In terms of characteristics or traits that will make you succeed in PR, you must learn continuously, know how to project-manage yourself first. Give yourself tasks and deadlines and meet the deadlines without external pressure. If you are working in an organisation, you must be an entrepreneur; take it as your business, that is how I've always been with all my units, I take that unit as a company on its own.

Give yourself work if you want to keep your job, I tell everybody that I come across. Fundamentally, when you are starting out in PR, nobody will give you metrics to work with because they may not know, so you must give yourself KPIs. Ask yourself in your workplace what the problem is that you can fix because they may not tell you until there is a problem.

The other day, I put the link of the article written about the Nigerian Economic Summit, I don’t necessarily read these things because I want to learn about the economy but I was interested in the writing style and I brought it out and when I was going to write my own tweet, I adopted that writing style. Read things like that so that you have different writing styles that you can adopt for different situations.The way you write for an investment company differs from the way you write for a tech company and that’s what makes you different from any random person claiming to know how to write. Everybody knows how to write, but when you are a PR person; you can write to fit each audience.

Another important personality trait that you must have is confidence and assertive intelligence.

How do you succeed when you get the job? What’s the first thing you should do?

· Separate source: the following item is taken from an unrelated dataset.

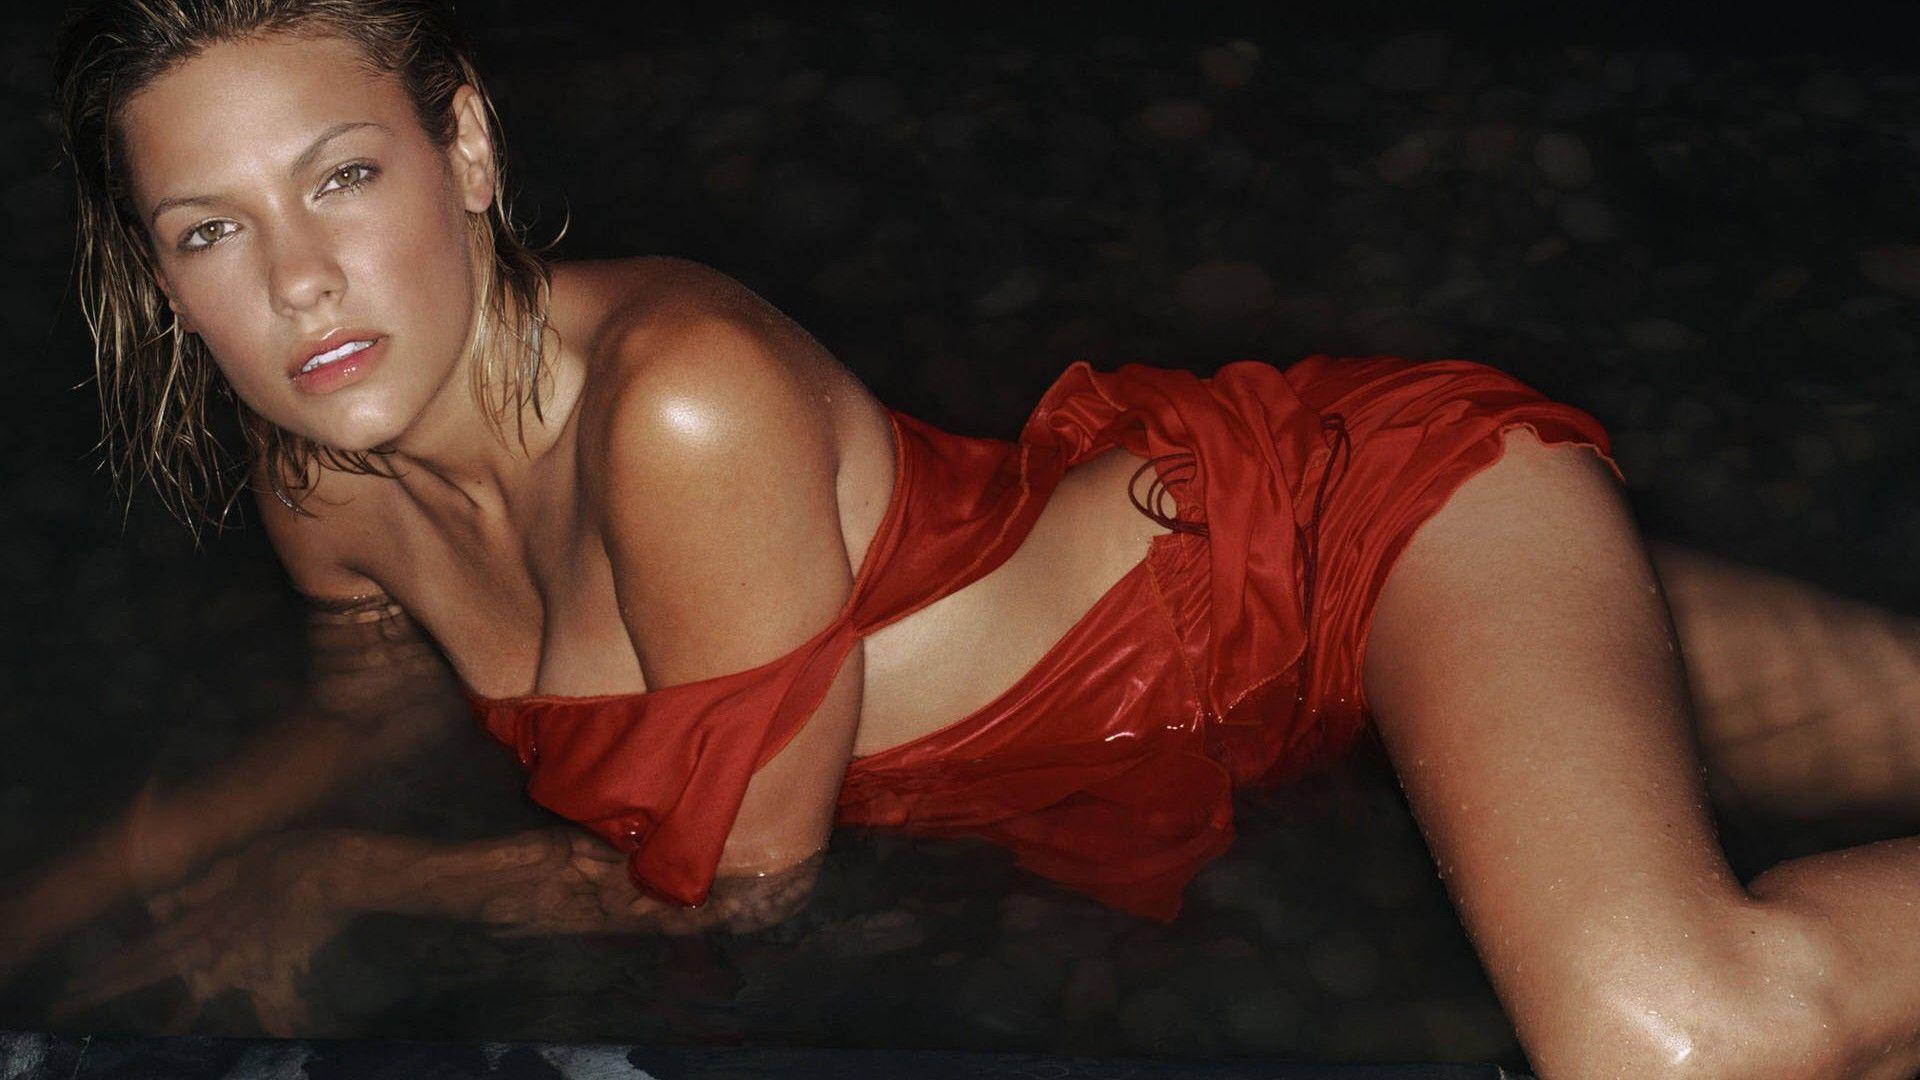 Ass Kiele Sanchez nude (63 foto and video), Tits, Bikini, Boobs, braless 2019

You need to go through all the communications materials that the organisation has. If your company does not have a company profile, your first KPI should be to create a company profile for them. Also look at their website again; if they didn’t get a communication person to put it together, there might be work for you there. From updating the information on the website to checking the social media pages to confirm that the keywords that describe your company were used. Look internally at the emails people send, does it have a standard signature ? Does everyone sign off the same way? Do they have the logo of the company at the bottom? Does the company have an official font size? In the first one week, you should crosscheck all these things and set a deadline of a month to get them sorted.

These things may seem very trivial but that’s how they know there is a communications person on ground.